Delaware residents should begin by making a will. Your will should include who you want to inherit your property. It can also include who the guardians would be for your children in case of the untimely death of both you and the other parent.

Create a Trust

Living trusts allow you to place your property in a safe location after your passing. Your beneficiaries will not need to go through probate court in order to obtain these assets. This helps them to avoid a long and costly process.

Make Health Care Arrangement

If you become unable to make conscious decisions for yourself, it can be terrible for your family. Especially if you have certain wishes that you would like upheld. In this case, you can create a health care declaration, which includes a living will and a power of attorney for health care.
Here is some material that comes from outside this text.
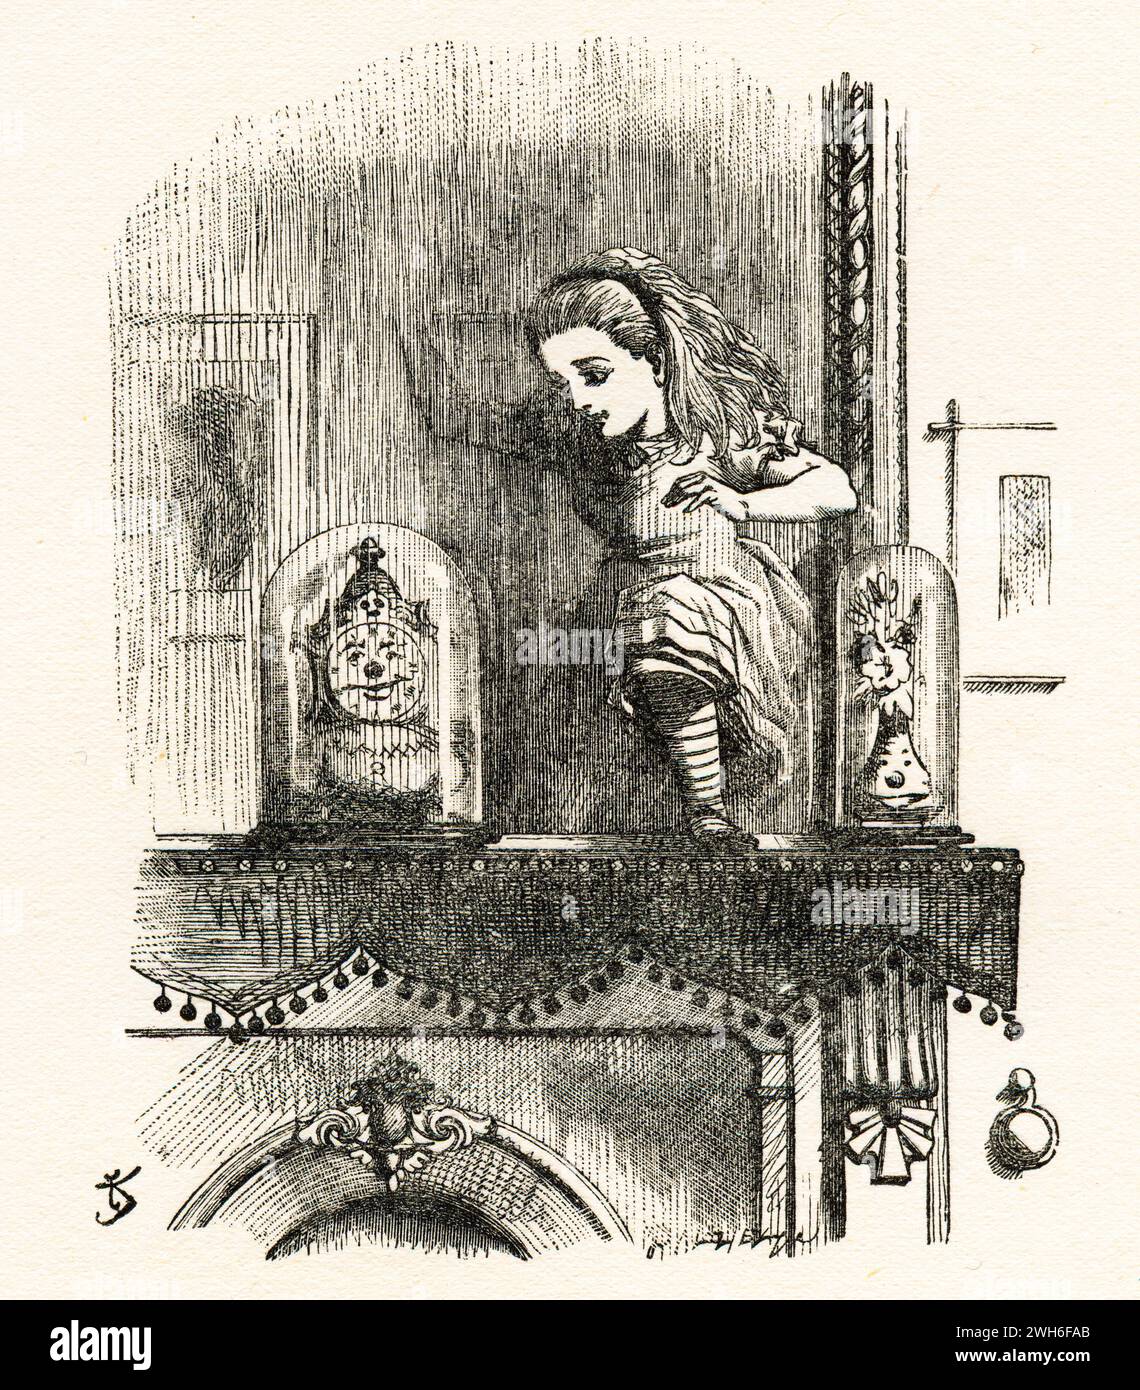 Through The Looking-Glass, by Lewis Carroll, illustrations by John Tenniel, 1927 Stock Photo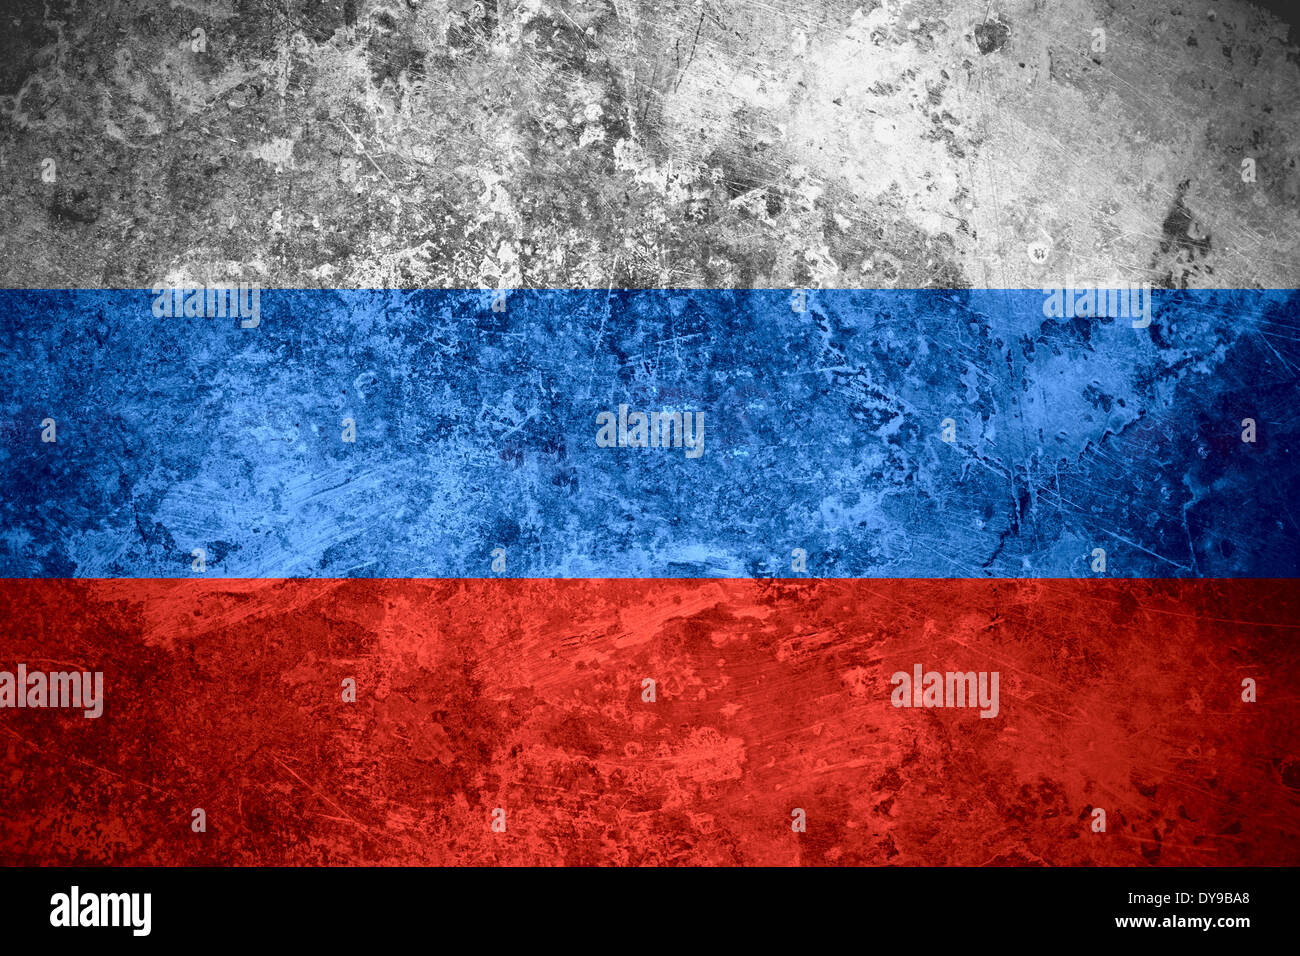 Russian flag Stock Photos, Royalty Free Russian flag Images

This allows you to give one person the power to make decisions if you are unable to.

Name a Financial Power of Attorney

When it comes to finances, there is nothing that can tear apart a family like death. By naming an individual as the power of attorney, you give them the authority to handle your finances should you become unable to. This person will be required to manage your assets and make decisions on your behalf.

Organize Your Documents

Throughout your life, you should store all important documents in one location. This should be accessible to the executor of your estate, and should include:

  • Will
  • Trusts
  • Insurance information
  • Property deeds
  • Certificates for stocks, bonds, annuities
  • How to access assets
  • Proof of retirement plans, 401(k) accounts, or IRAs
  • Debt information
  • Final arrangements instructions

Name an Adult to Protect Your Beneficiaries’ Assets

If you have minor children, you will want to ensure that they will eventually receive their inheritance. This includes property and monetary instruments. Typically you will need to name an adult who can manage these assets until your children come of age. This adult can be the same person who you name as a legal guardian in your will.

File Beneficiary Forms

In order to name any type of beneficiary, you will need to file a legal record of it. In Delaware, you can legally have stocks, bonds, and brokerage accounts transferred to your beneficiary upon your death. This means you must name a beneficiary for all of these assets to ensure they are paid upon your death.

Consider Life Insurance

Whether you own a house with a mortgage, own any type of property, owe significant debts, or even if you have young children, life insurance is a good idea. Life insurance can prevent your family from owing estate tax, or being required to pay off your debts when you die.

Cover Funeral Expenses

If you have specific funeral arrangements that you hope to be upheld (and do not want your family to owe a large sum upon your death) you have options. Specifically, a payable-on-death account with deposited funds can help to pay for your funeral and related expenses.

Make Final Arrangements

There are a variety of final arrangements you should make within your estate plan. This includes end-of-life wishes such as:

  • Organ and body donation
  • Disposition of your body
  • Business protection, including a succession plan or buyout agreement if you have business partners.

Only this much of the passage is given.